Showing posts with label cake. Show all posts
Showing posts with label cake. Show all posts

Thursday, March 20, 2008

RECIPE OF THE WEEK


Yummy Easter Cake
This cake is so good and very easy to make......makes a great dessert for Easter dinner!

1 pineapple cake mix (not pineapple upside-down cake)
1 med. can crushed pineapple
1/3 cup cooking oil
3 eggs

Mix together and beat for 3 minutes with electric mixer. Pour into 9x14" pan that has been greased and floured lightly.
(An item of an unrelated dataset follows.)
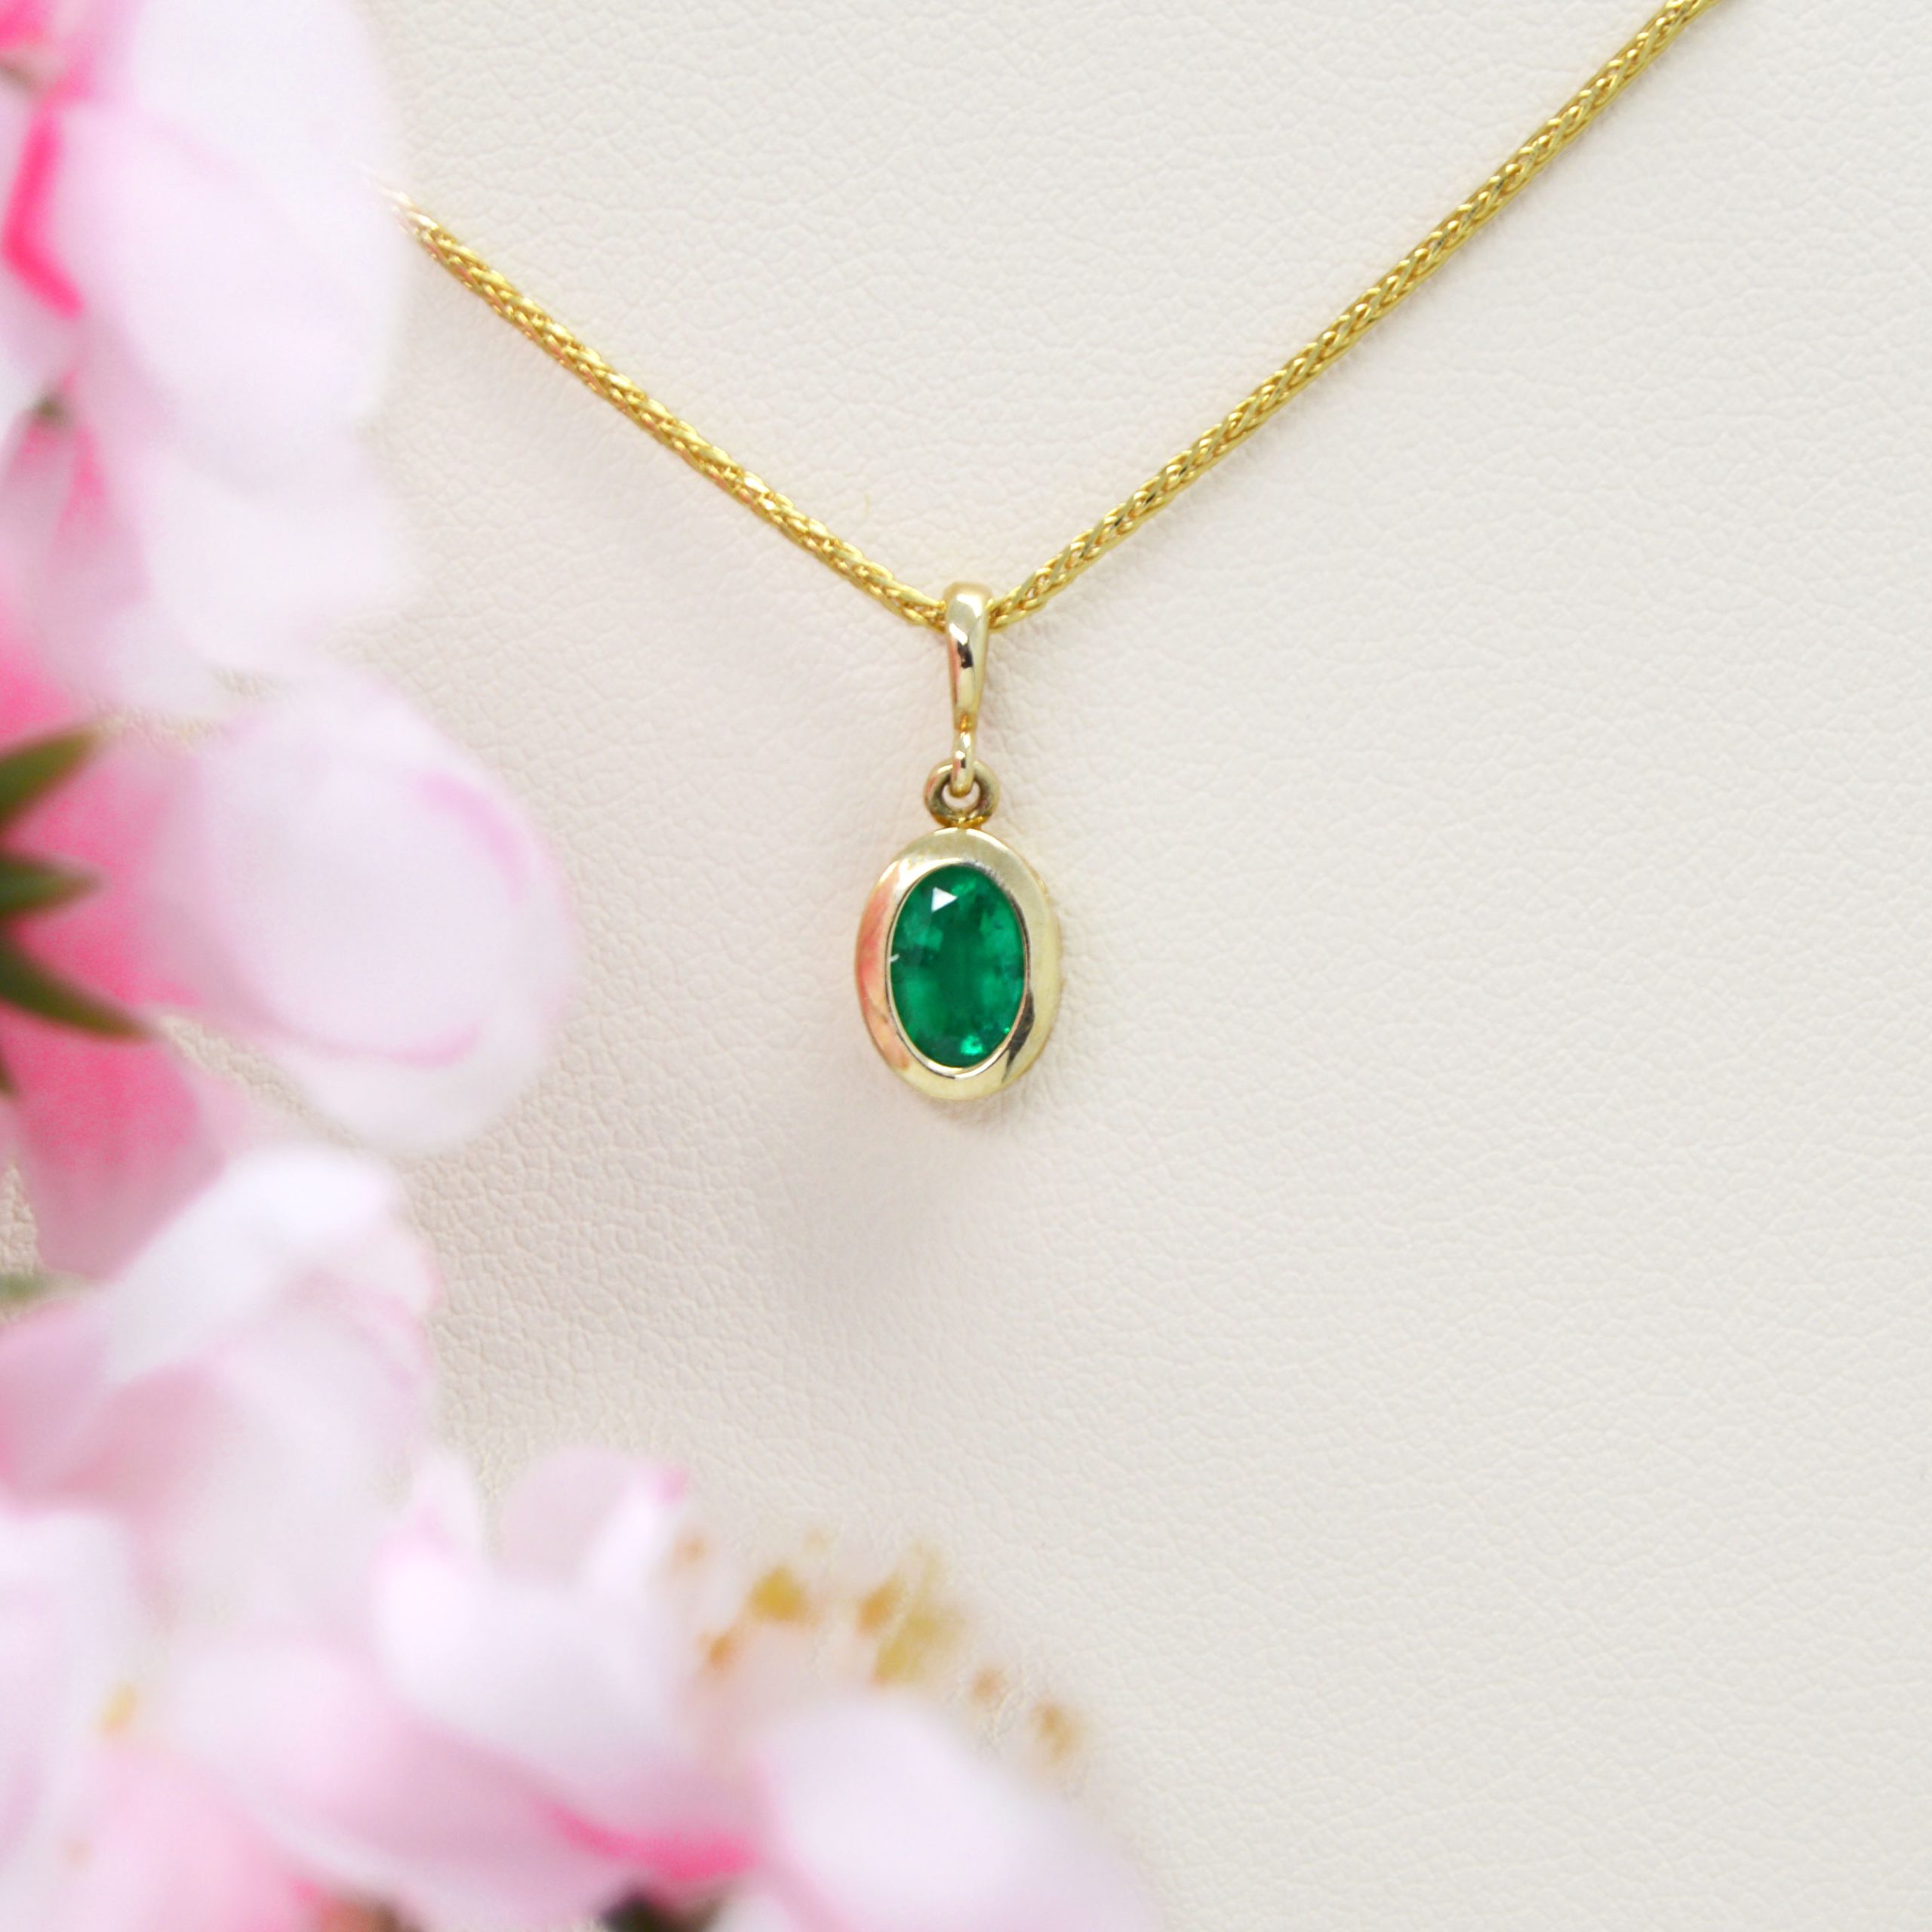 Oval Emerald pendant bezel-set in 14KT yellow gold

Bake for 30 minutes at 350*.

Frosting: 1 can of Buttercream Frosting to which 3/4 cup of Angel Flake coconut has been added. Spread on cooled cake and enjoy!

Note: For an Easter touch, tint icing with your favorite food color and add Easter decorations on top of cake.

Tuesday, March 11, 2008

RECIPE OF THE WEEK


Quick and Easy Italian Cream Cake

Nothing takes the place of a homemade-from-scratch Italian Cream Cake, but if you don't have the time for that here is a quick and easy way to get a delicious dessert in half the time.

Preheat oven to 350*; grease and flour two or three round cake pans (depends on size of pans).

Ingredients:
1 box white cake mix (extra-moist or pudding in the mix)
1/2 cup chopped walnuts
1 cup flaked coconut

Prepare cake mix according to directions on box. Add walnuts and coconut and pour into prepared pans. Bake according to directions on box. Remove from oven and let cool.

Icing:
1 can Vanilla Cream Cheese Frosting
1/2 cup chopped walnuts
1/2 cup flaked coconut

Mix together and spread between layers and on top and sides of cooled cake.

Enjoy!

Tuesday, July 10, 2007

Recipe of the Week



Tropical Poke Cake


Ingredients:
1 yellow cake mix
20 oz. can crushed pineapple
3 eggs

Mix these three ingredients together well and pour into a greased and floured 9x13 pan. Bake at 350* for 30 minutes or until done.

Remove from oven and poke holes in the cake about 1 inch apart with the tines of a fork. Pour a can of sweetened condensed milk over top of hot cake spreading evenly. Top with 1 cup shredded coconut and 1/2 cup of chopped pecans. Place under broiler for about 2 minutes to toast the coconut and nuts. Watch closely so the topping doesn't burn. Let cool and enjoy!